Give back exactly the lines of the material below that start at the line containing "1 Παράμετροι ελέγχου" and end at the line containing "01017-90245-10 Trinkflasche Edelstahl-Trinkflasche, Graffiti", and no others.

* DATA FOR ANALYSIS
■ ■ ■

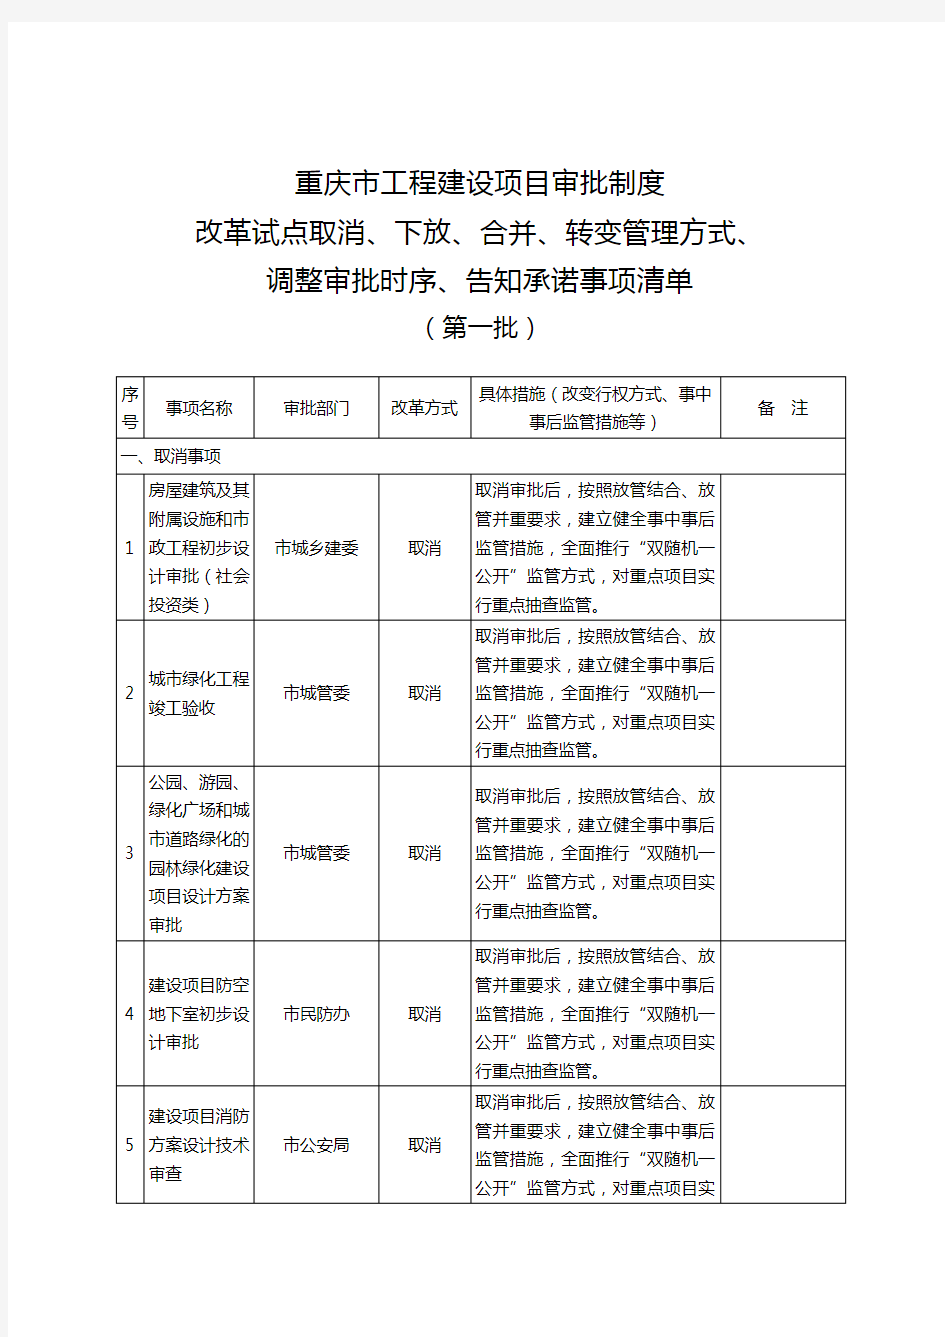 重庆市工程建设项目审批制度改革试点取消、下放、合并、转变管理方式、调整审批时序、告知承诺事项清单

■ ■ ■

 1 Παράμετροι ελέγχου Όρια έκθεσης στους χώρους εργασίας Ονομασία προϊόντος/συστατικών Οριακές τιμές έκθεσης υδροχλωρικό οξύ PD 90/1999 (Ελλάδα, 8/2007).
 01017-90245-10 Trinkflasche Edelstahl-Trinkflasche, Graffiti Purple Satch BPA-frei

■ ■ ■

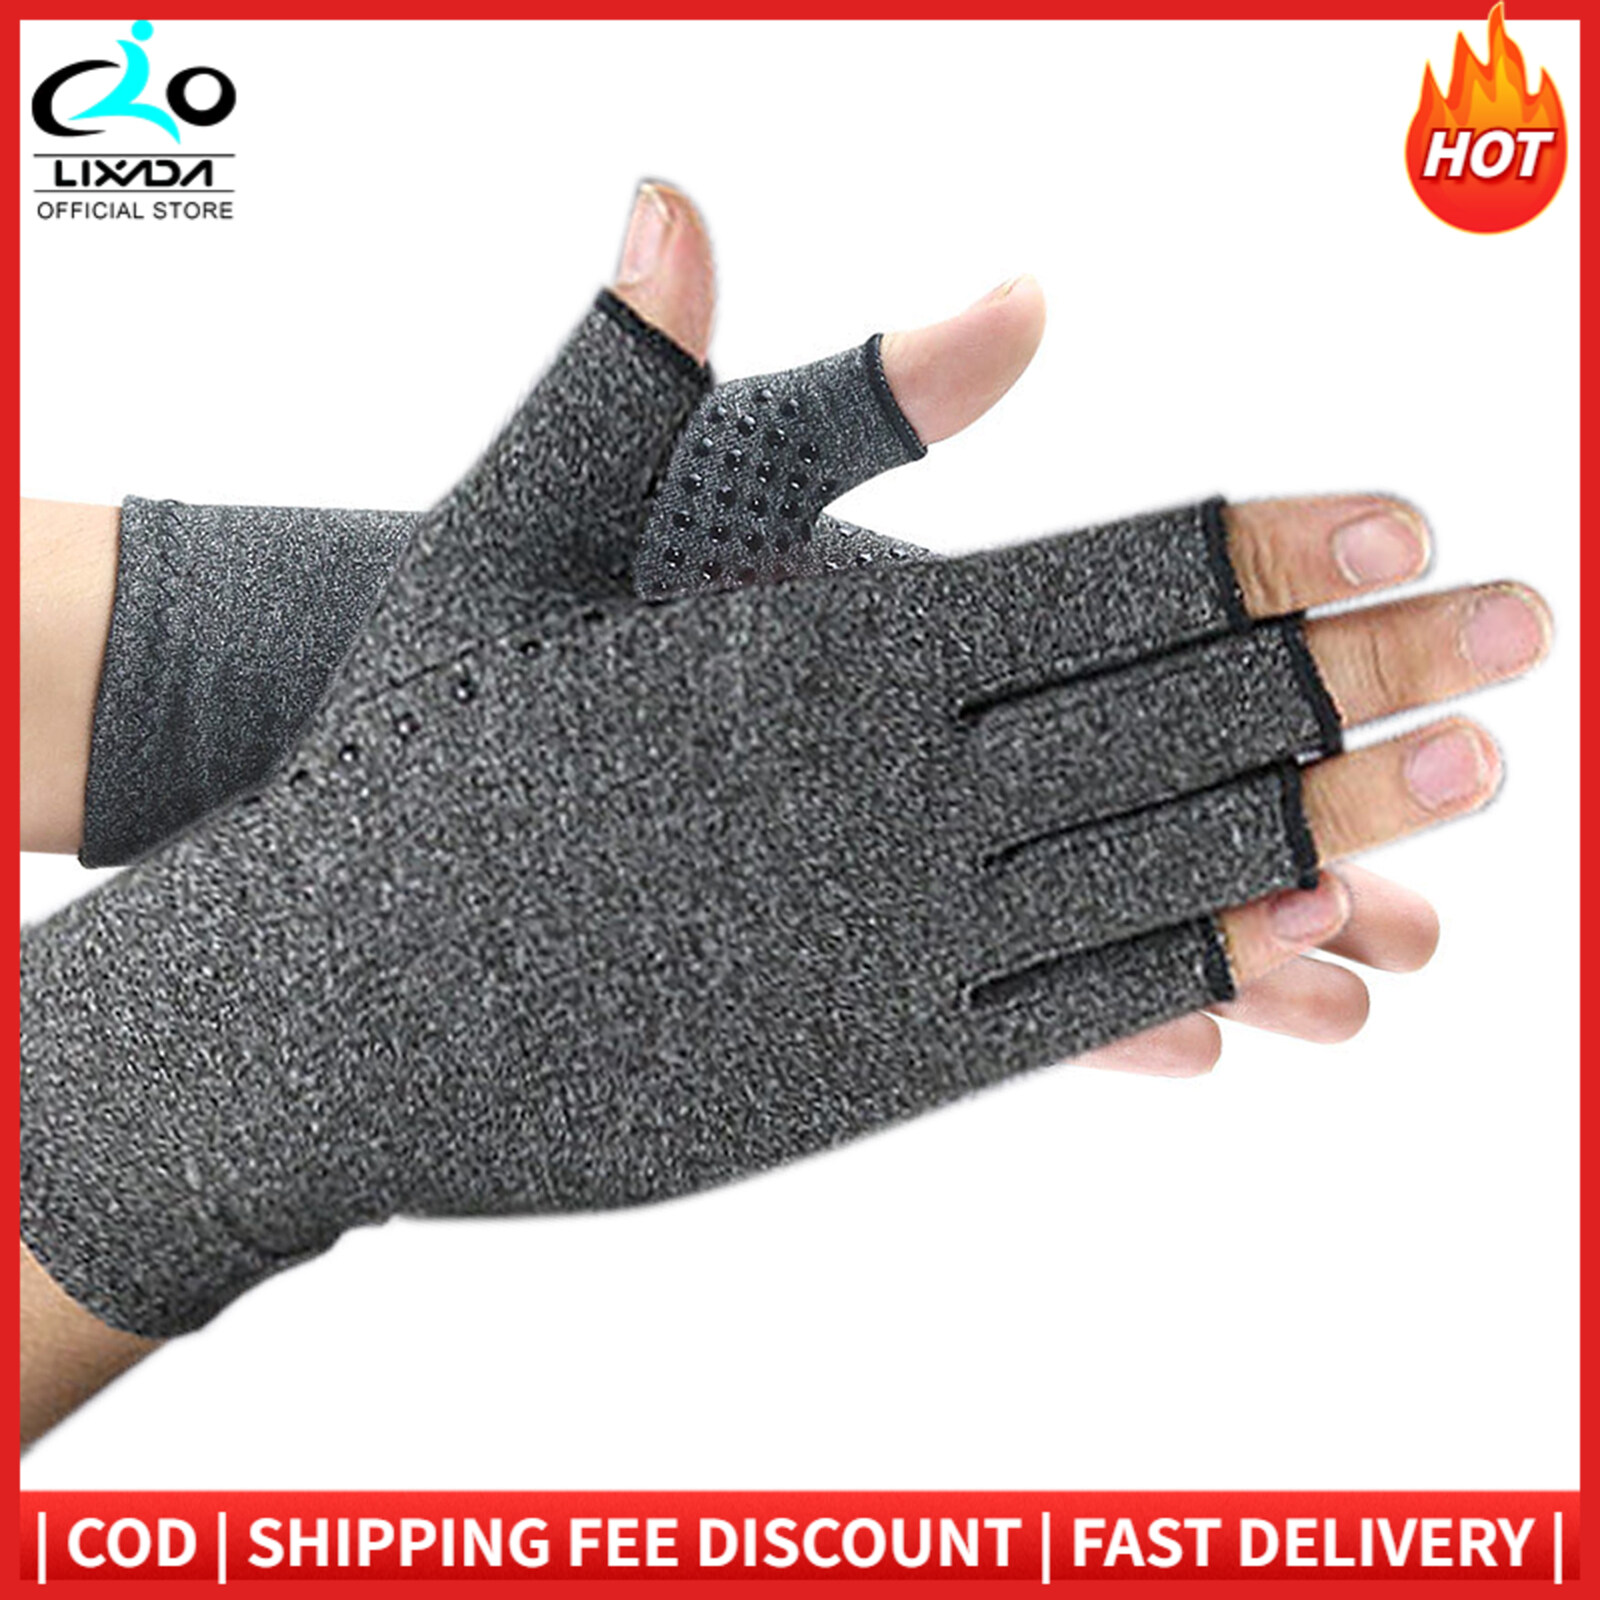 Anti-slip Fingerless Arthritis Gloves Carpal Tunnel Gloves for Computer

■ ■ ■

* TASK RESULT
 1 Παράμετροι ελέγχου Όρια έκθεσης στους χώρους εργασίας Ονομασία προϊόντος/συστατικών Οριακές τιμές έκθεσης υδροχλωρικό οξύ PD 90/1999 (Ελλάδα, 8/2007).
 01017-90245-10 Trinkflasche Edelstahl-Trinkflasche, Graffiti Purple Satch BPA-frei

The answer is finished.